Blair Wadman 2 minute read

Using Robots.txt with Drupal to avoid duplicate content

Drupal is a great system, but one of its flaws is the existence of multiple routes to the same content. This effectively creates duplicate content. Search engines like Google do not like duplicate content and you are likely to be penalised for it.

You can control which content search engines index by using a robots.txt file. The robots.txt file gives you the ability to disallow certain pages from being indexed. Therefore, used correctly, you can prevent a duplicate content penalty.

Drupal 5 comes with a robot.txt file by default. If you are running a version prior to Drupal 5, you will need to add your own robots.txt file. It is fairly straightforward. Open a text editor like notepad. Add the code (an example is shown below). Save the file as "robots.txt". FTP the file to the root folder on your web server.

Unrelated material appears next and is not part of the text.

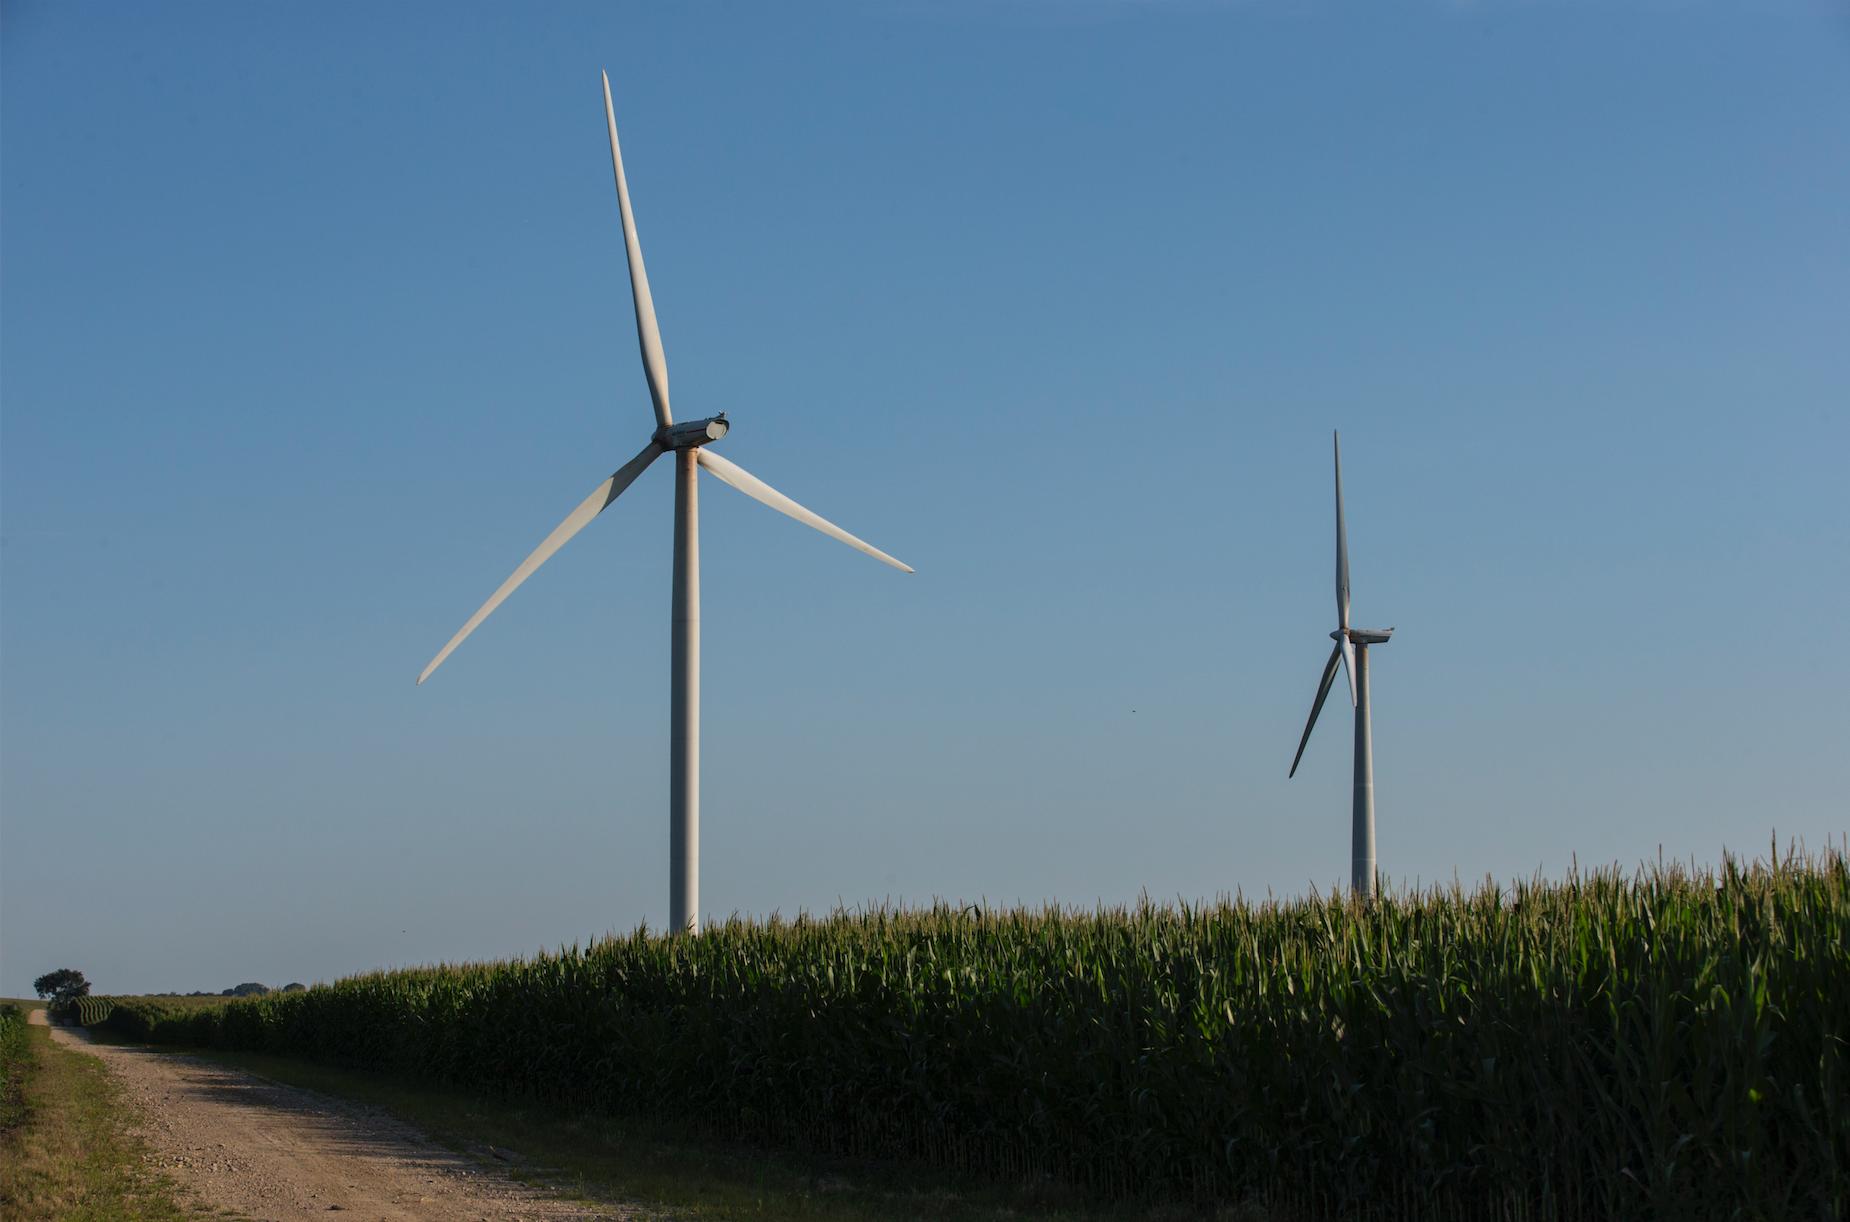 The Pioneer Grove Wind Farm is seen in Mechanicsville, Iowa on Wednesday, July 11, 2018. (Nick Rohlman/The Daily Iowan)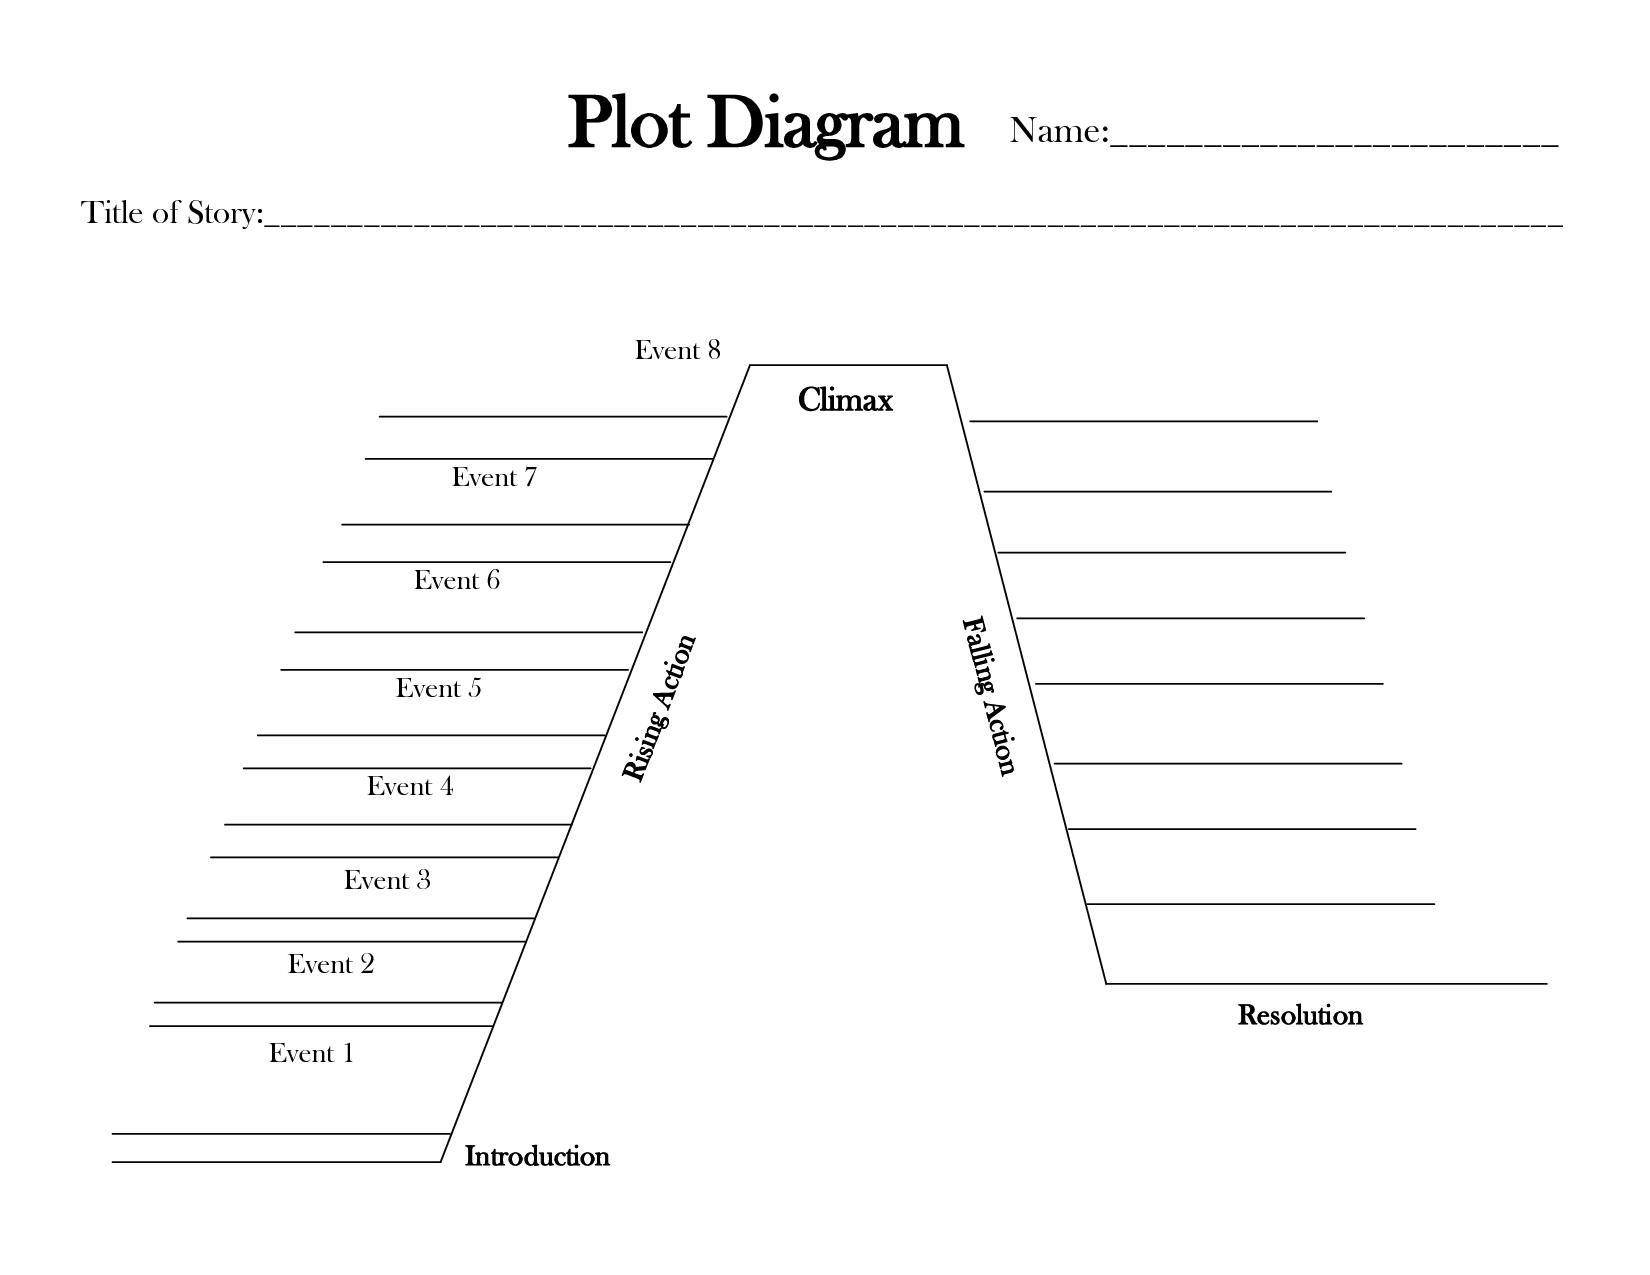 Plot Diagram Name

Here is the default code that comes with Drupal 5's robots.txt file:

User-agent: *
Crawl-delay: 10
# Directories
Disallow: /database/
Disallow: /includes/
Disallow: /misc/
Disallow: /modules/
Disallow: /sites/
Disallow: /themes/
Disallow: /scripts/
Disallow: /updates/
Disallow: /profiles/
# Files
Disallow: /xmlrpc.php
Disallow: /cron.php
Disallow: /update.php
Disallow: /install.php
Disallow: /INSTALL.mysql.txt
Disallow: /INSTALL.pgsql.txt
Disallow: /CHANGELOG.txt
Disallow: /MAINTAINERS.txt
Disallow: /LICENSE.txt
Disallow: /UPGRADE.txt
# Paths (clean URLs)
Disallow: /admin/
Disallow: /aggregator/
Disallow: /comment/reply/
Disallow: /contact/
Disallow: /logout/
Disallow: /node/add/
Disallow: /search/
Disallow: /user/register/
Disallow: /user/password/
Disallow: /user/login/
# Paths (no clean URLs)
Disallow: /?q=admin/
Disallow: /?q=aggregator/
Disallow: /?q=comment/reply/
Disallow: /?q=contact/
Disallow: /?q=logout/
Disallow: /?q=node/add/
Disallow: /?q=search/
Disallow: /?q=user/password/
Disallow: /?q=user/register/
Disallow: /?q=user/login/

I recommend adding the following:

# Directories 
Disallow: /tracker/
Disallow: /xtracker/
Disallow: /user/
Disallow: /book/export/
Disallow: /forward/
Disallow: /comment/
Disallow: /feed/
Disallow: /comment/reply/
Disallow: /popular/

# Files
Disallow: /rss.xml

If you are using URL alias's to create specific URL's, then add:

Disallow : /node/*
Disallow: /taxonomy/